VADSTI

Virtual Applied Data Science Training Institute (VADSTI)

Data Science Approaches to Better Understand Clinical and Genomic Informatics

 

About VADSTI

With the recent advancements in technology, and computational tools, healthcare services, and clinical and geonomic sciences can store large amounts of datasets. There is therefore increased demand for researchers to utilize data analytics capabilities to look at recent trends, predict outcomes and to make better clinical and health policy decision. Skill sets in data science are critical for advancing the science of minority health and health disparities. The Howard University Research Centers in Minority Institutions, RCMI, Program with funding from NIH created the VADSTI to meet the growing data science demand and their application to problems of minority health and health disparities.
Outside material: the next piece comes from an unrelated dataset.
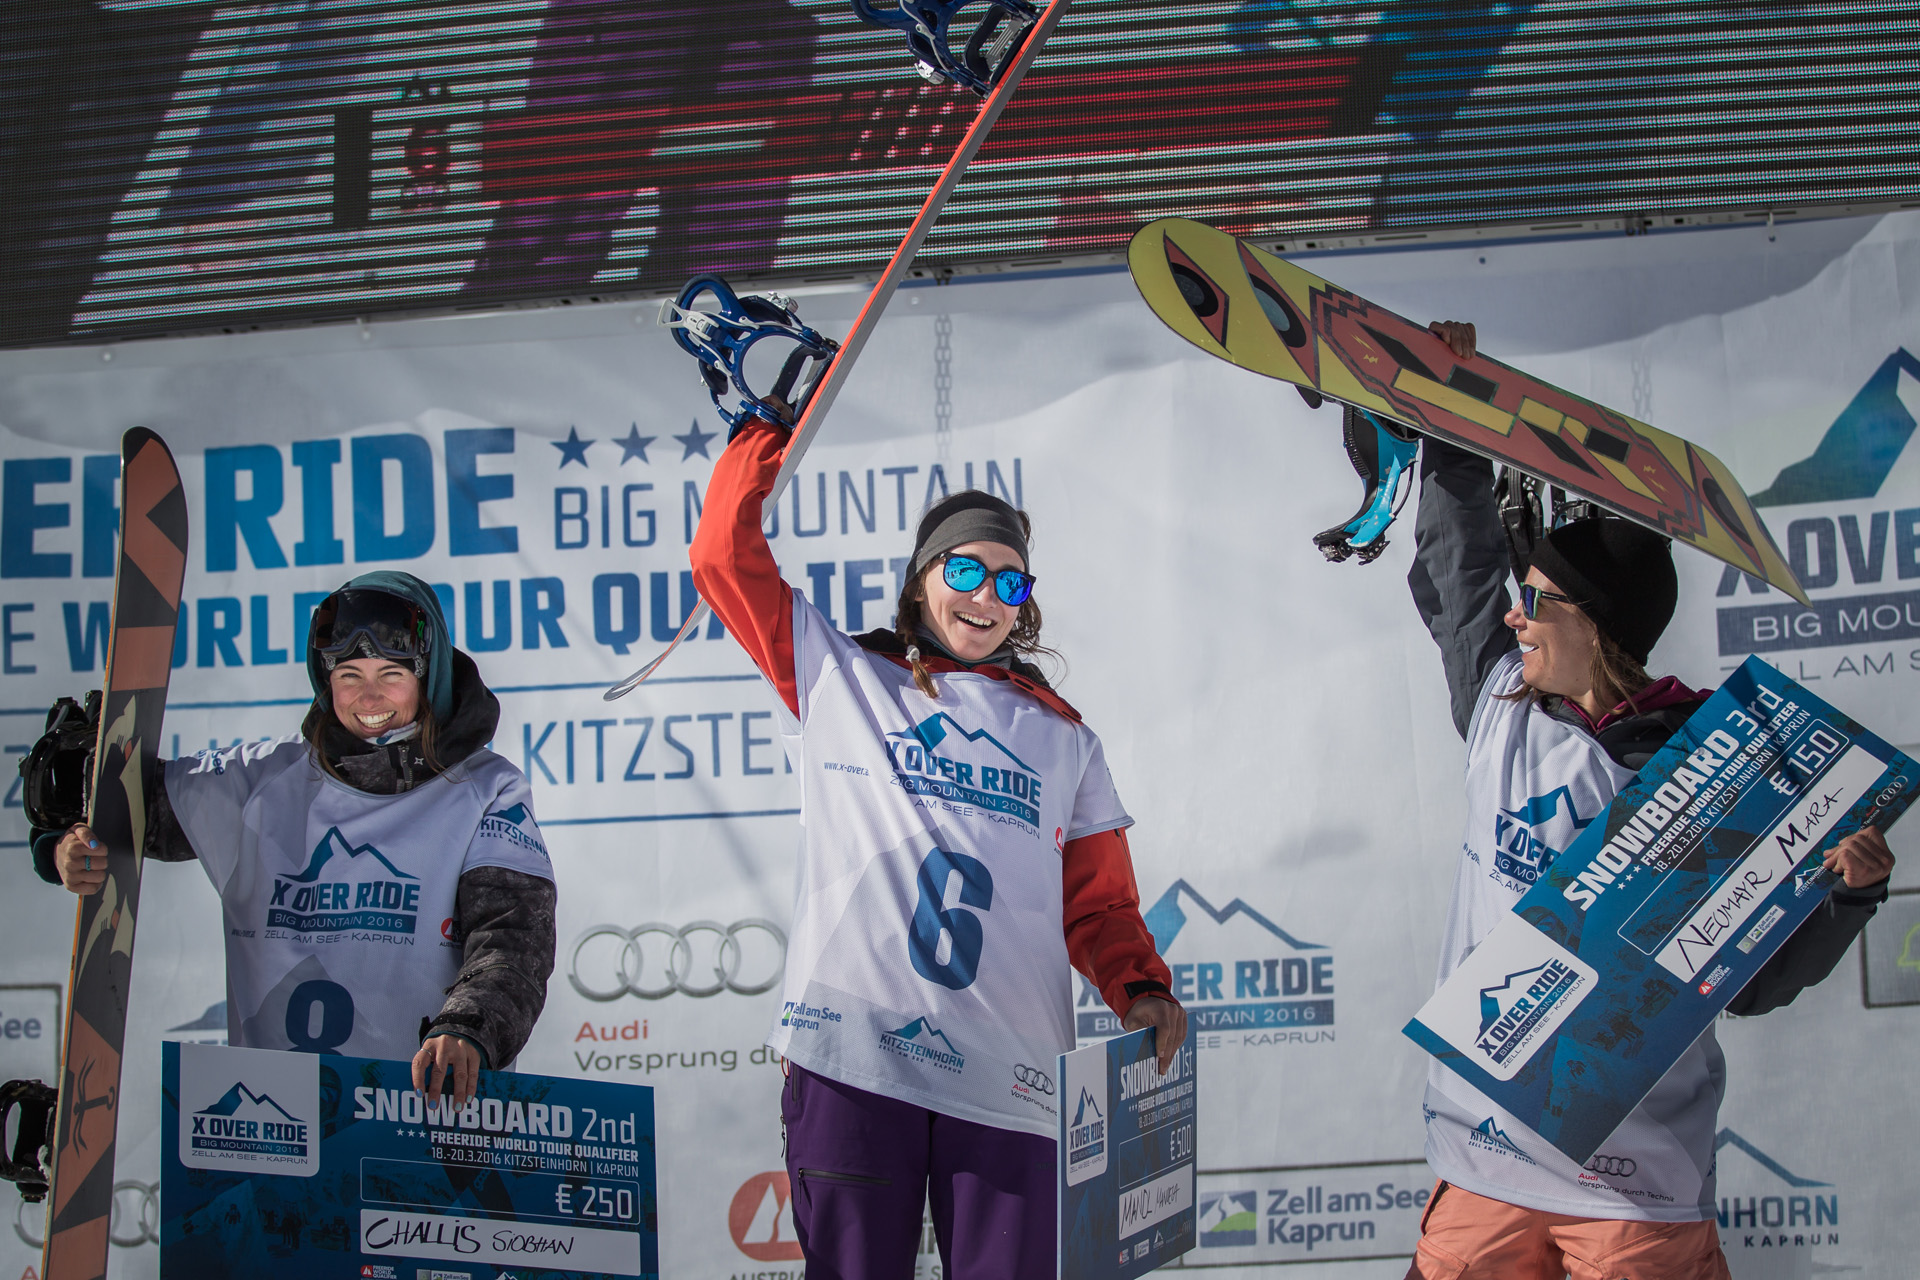 Das Podium der Ladies: Mara Neumayr, Manuela Mandl und Siobhan Challis - Foto: Mia Maria Knoll
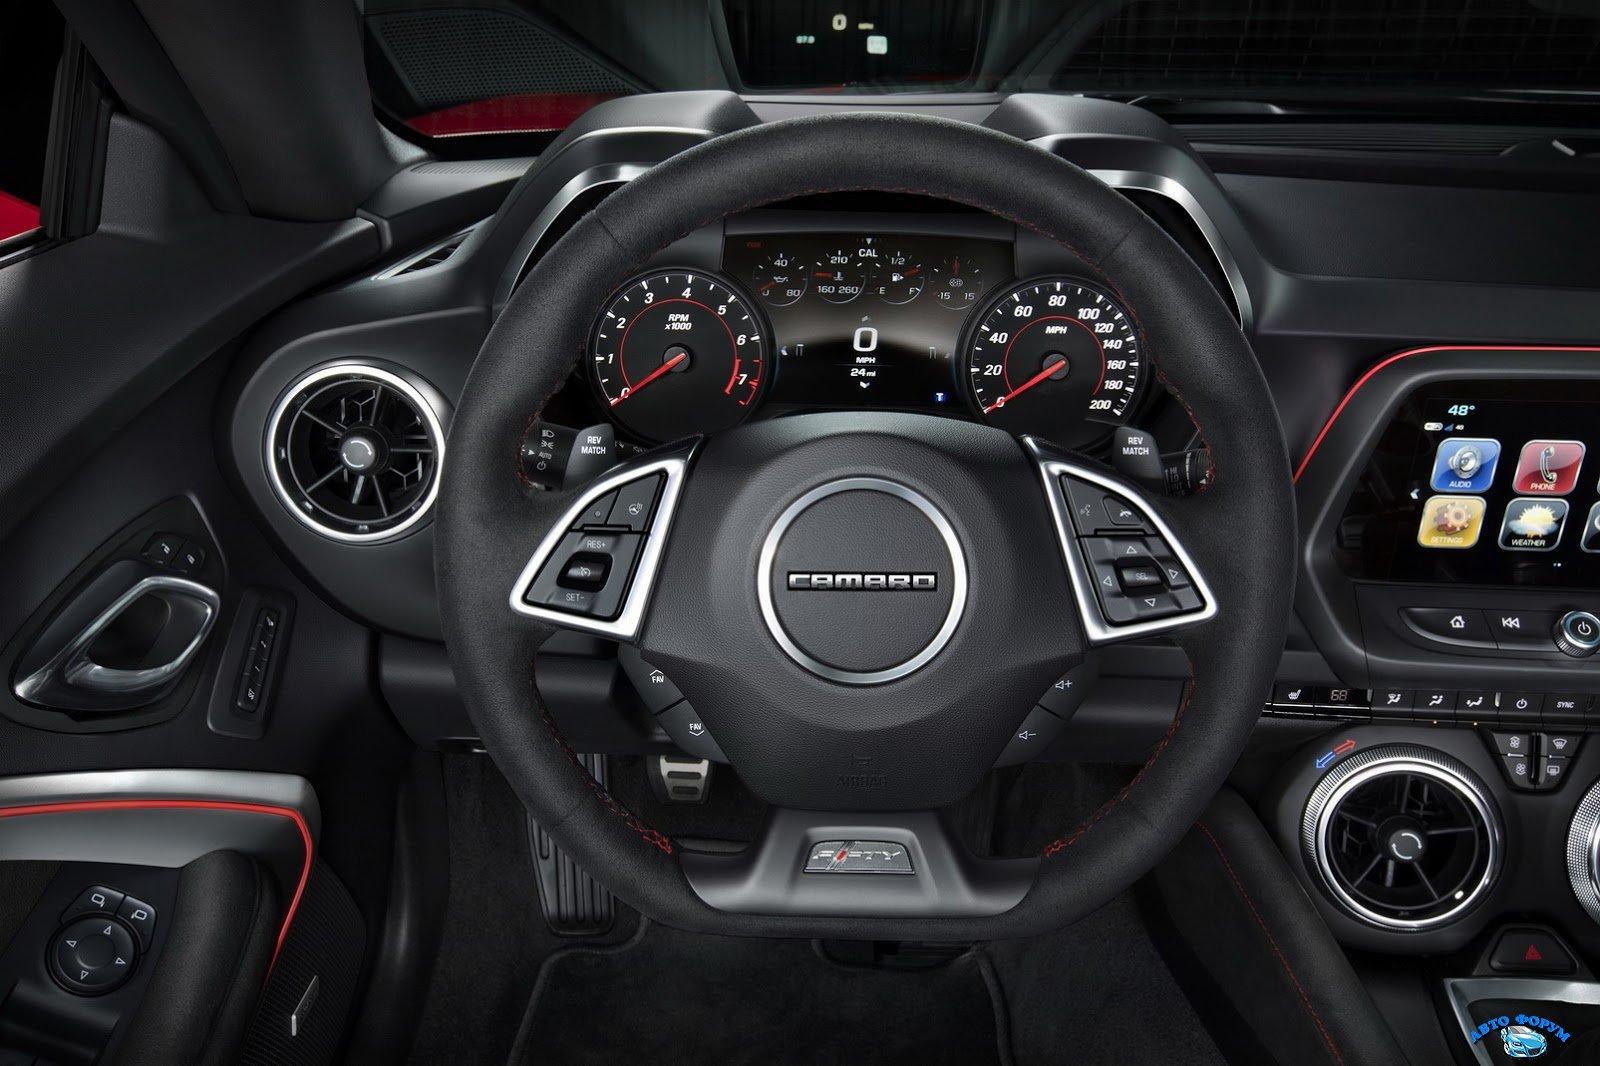 2017-Chevrolet-Camaro-ZL1-7.jpg

The mission of VADSTI is to advance education and research by providing training in the foundations of programming and the critical data analytic skills for planning and conducting research that involves big data. Our aim is to attract and engage underrepresented students and researchers in data science application to biomedical, clinical and genomic research, with a focus on diseases common to minority populations. VADSTI draws faculty with complementary experts in the conduct and application of data science from across different institutions and in partnership with the NIH Office of Data Science Strategy to launch an 8-week comprehensive training in a virtual environment. VADSTI 2021 was an 8-Week training series that ran every other week.

Program Objectives & Competencies

The primary objective of the 2021 VADSTI program was to provide training in the foundations of data science and advance analytic skills and introduce tools for clinical and genomic research. Over the course of the 8-week training program participants were:

  • Introduced to the principles of data science.
  • Gained practical, hands-on experience with Python and related libraries for accessing data from multiple sources and use analytic methods for analyses.
  • Learned about the underlying concepts of probability and statistics.
  • Introduced to advanced statistical analytic techniques utilized in biomedical, clinical and genomic research.
  • Understand the concepts of data partitioning and and practice behind supervised and unsupervised learning.
  • Introduced to advanced algorithmic techniques including machine learning and deep learning.
  • Introduced to tools for applied data science using cloud-based platforms for clinical and genomic research.
  • Learned from experts on current research topics in biomedical, clinical, and genomic application.